• _Data segment_:
# # # # # # #
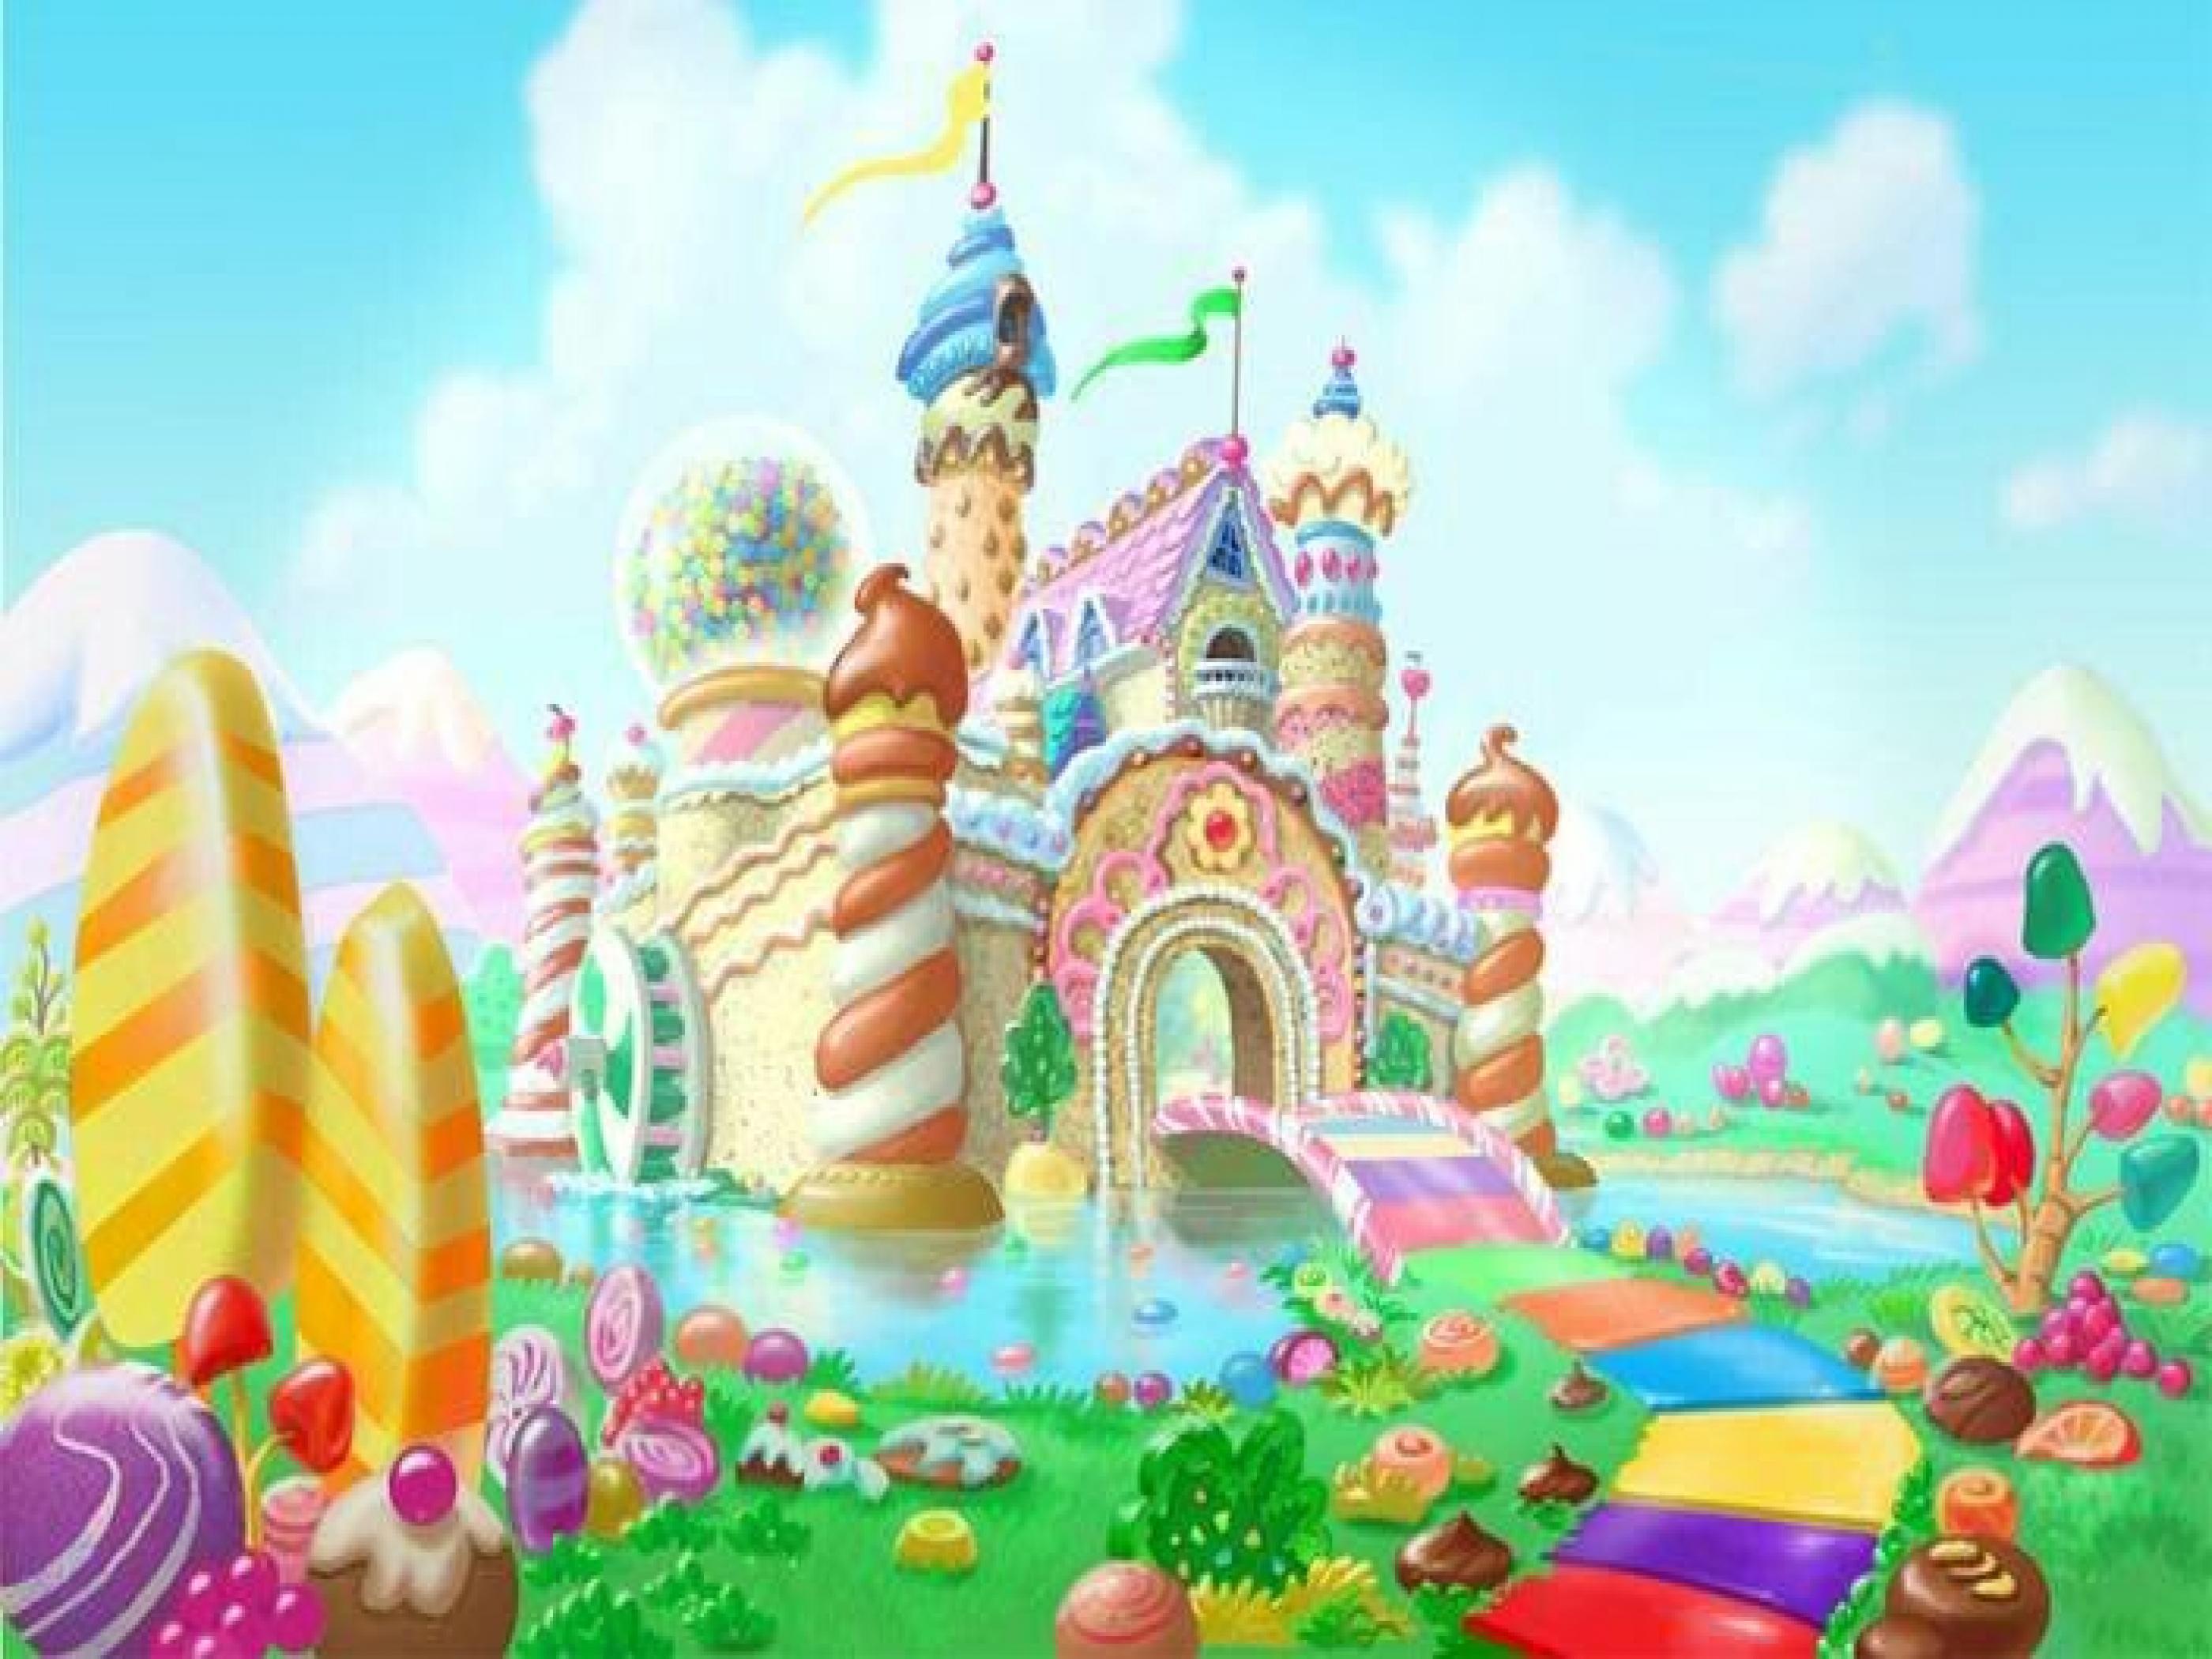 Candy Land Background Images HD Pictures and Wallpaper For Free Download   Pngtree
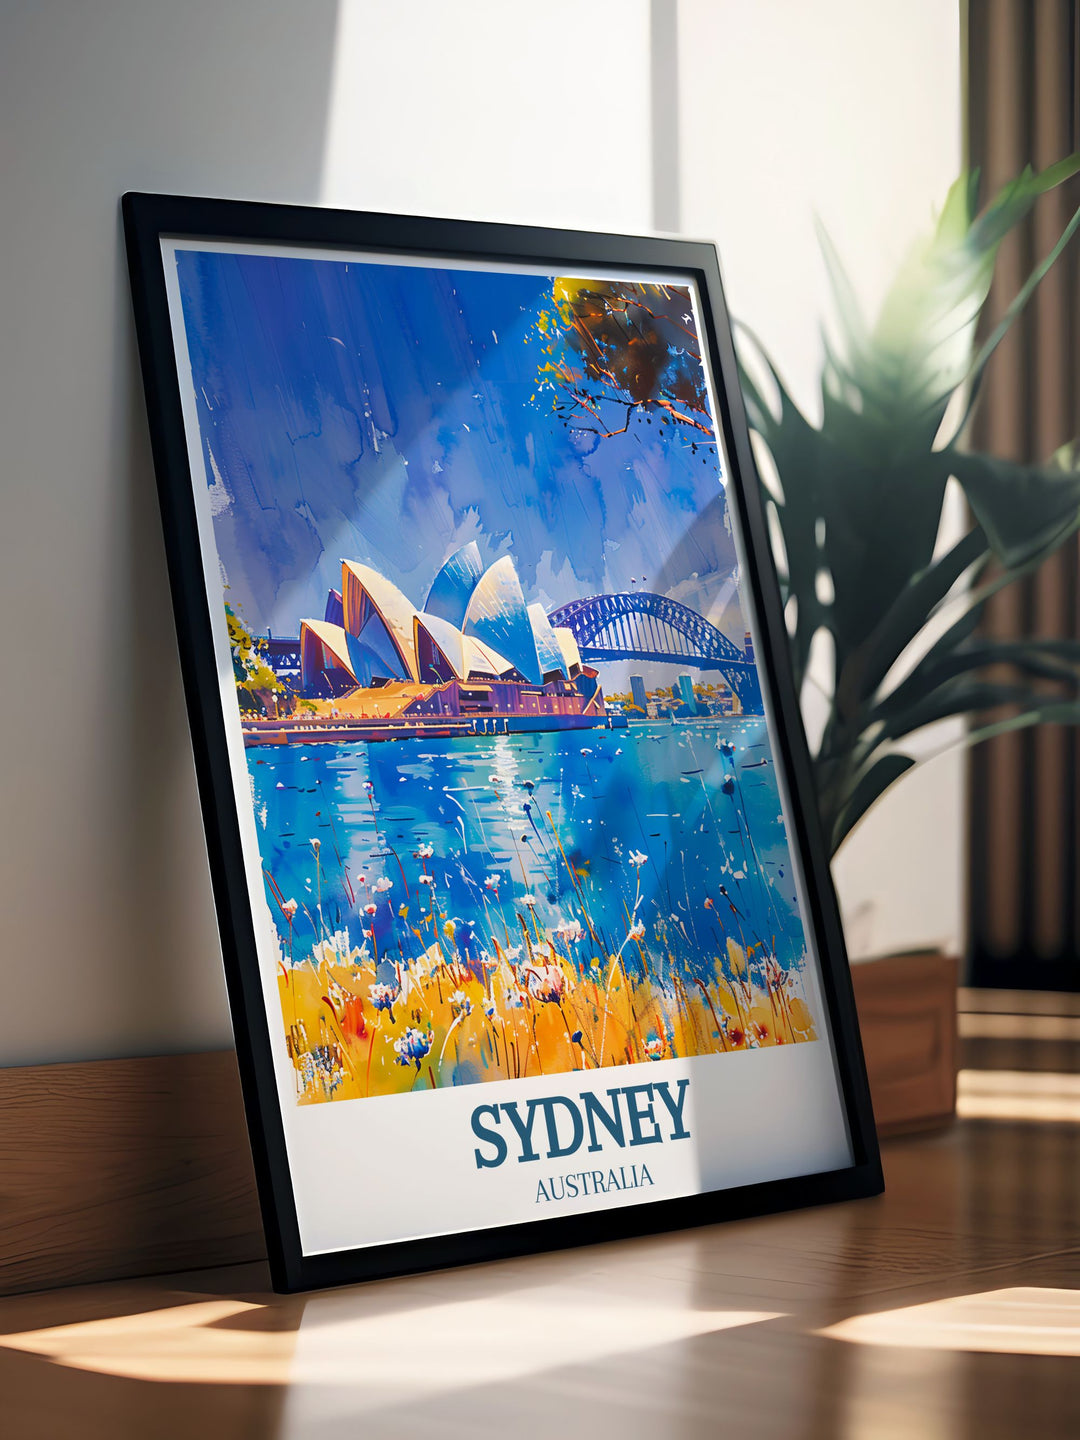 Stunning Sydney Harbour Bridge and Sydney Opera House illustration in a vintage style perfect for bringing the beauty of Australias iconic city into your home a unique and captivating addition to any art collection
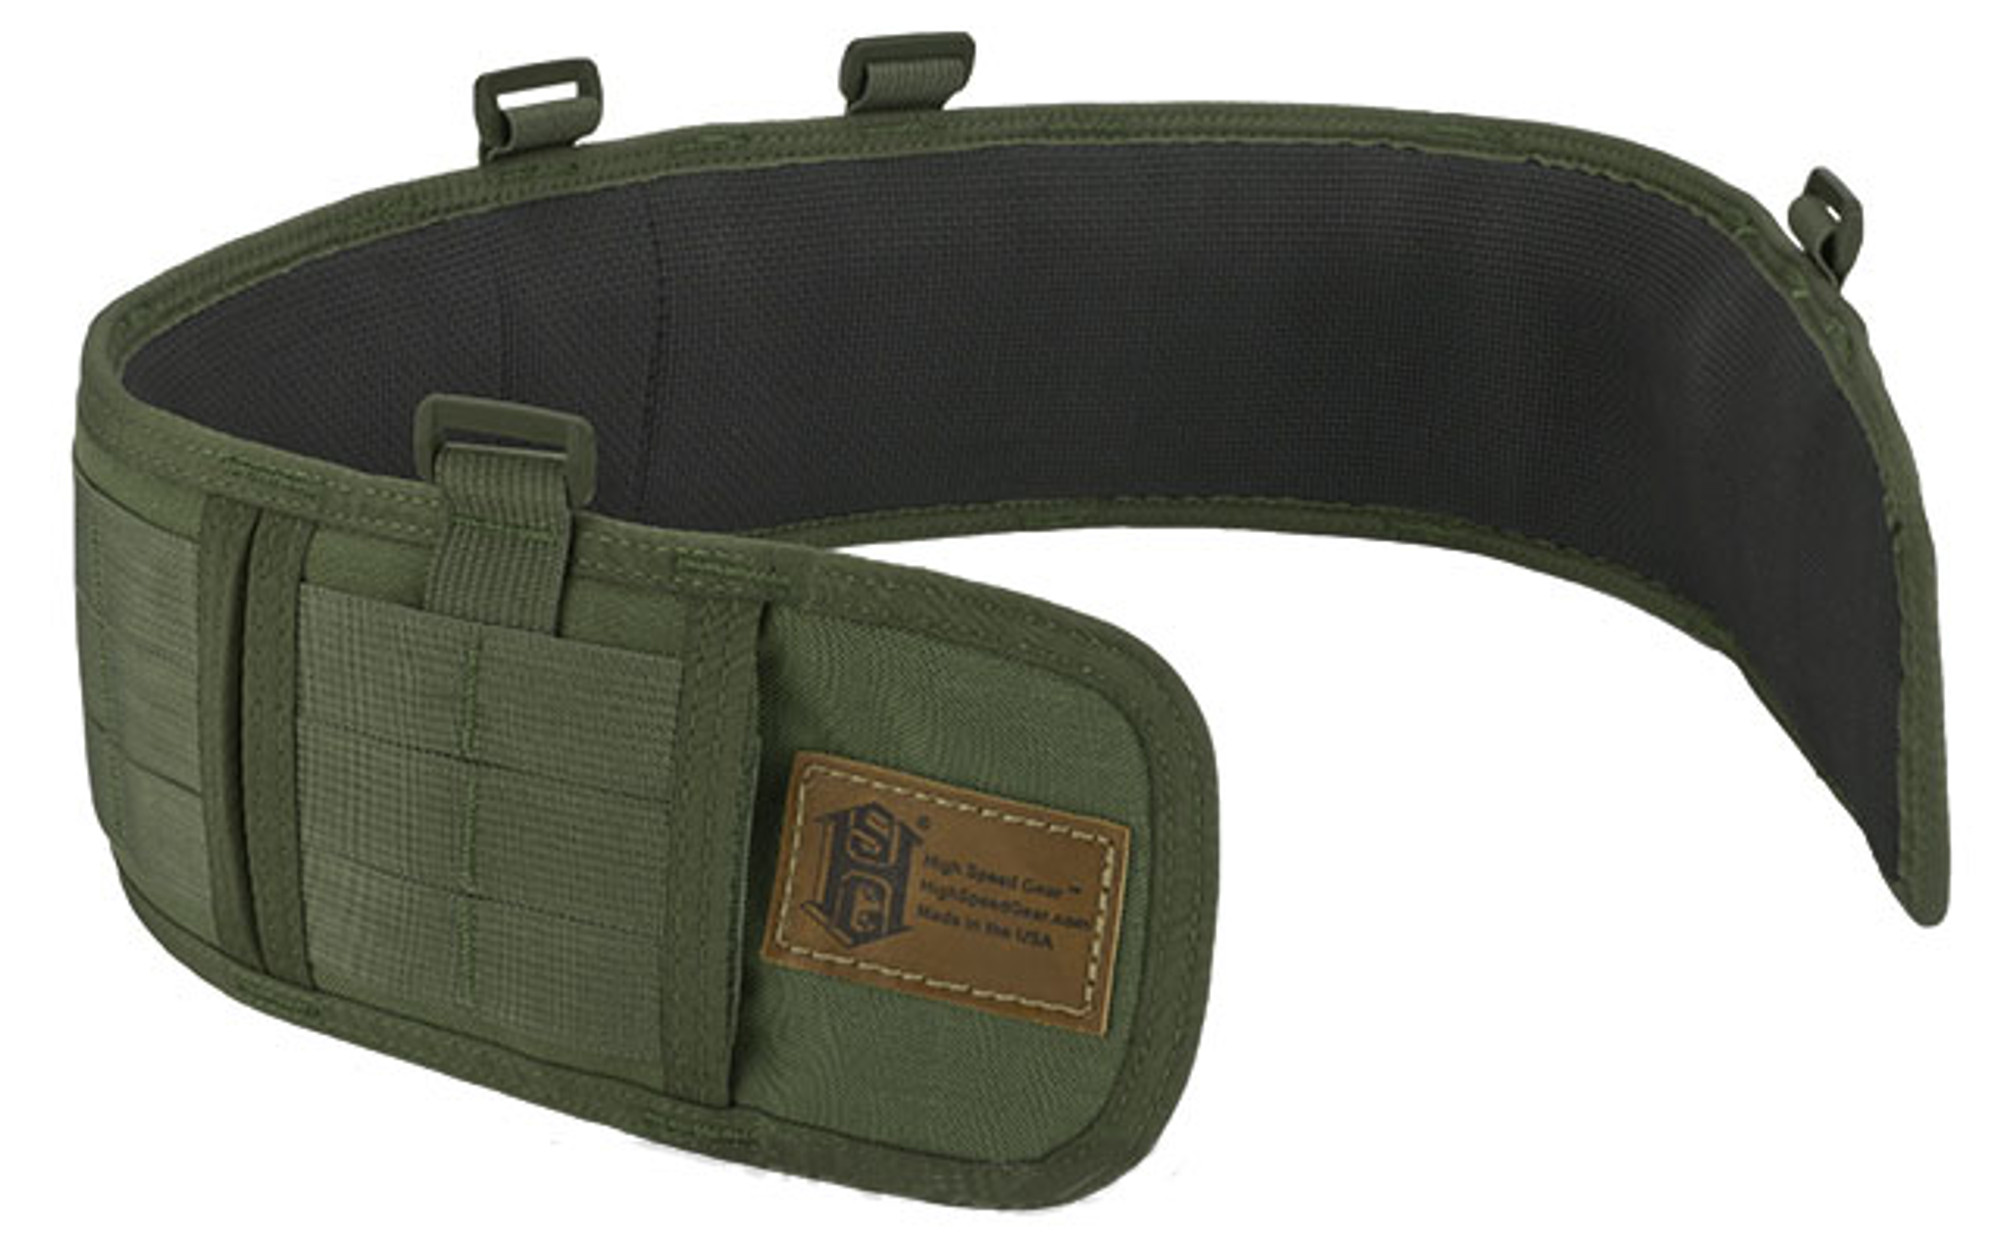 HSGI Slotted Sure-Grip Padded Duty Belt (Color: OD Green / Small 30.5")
# # # # # # #
• _Work task_: Only an exact copy of the lines from the one with "Stunning Sydney Harbour" through the last line of the listing should be given; pictures must not be included.

• _Completed task_:
 Stunning Sydney Harbour Bridge and Sydney Opera House illustration in a vintage style perfect for bringing the beauty of Australias iconic city into your home a unique and captivating addition to any art collection
 HSGI Slotted Sure-Grip Padded Duty Belt (Color: OD Green / Small 30.5")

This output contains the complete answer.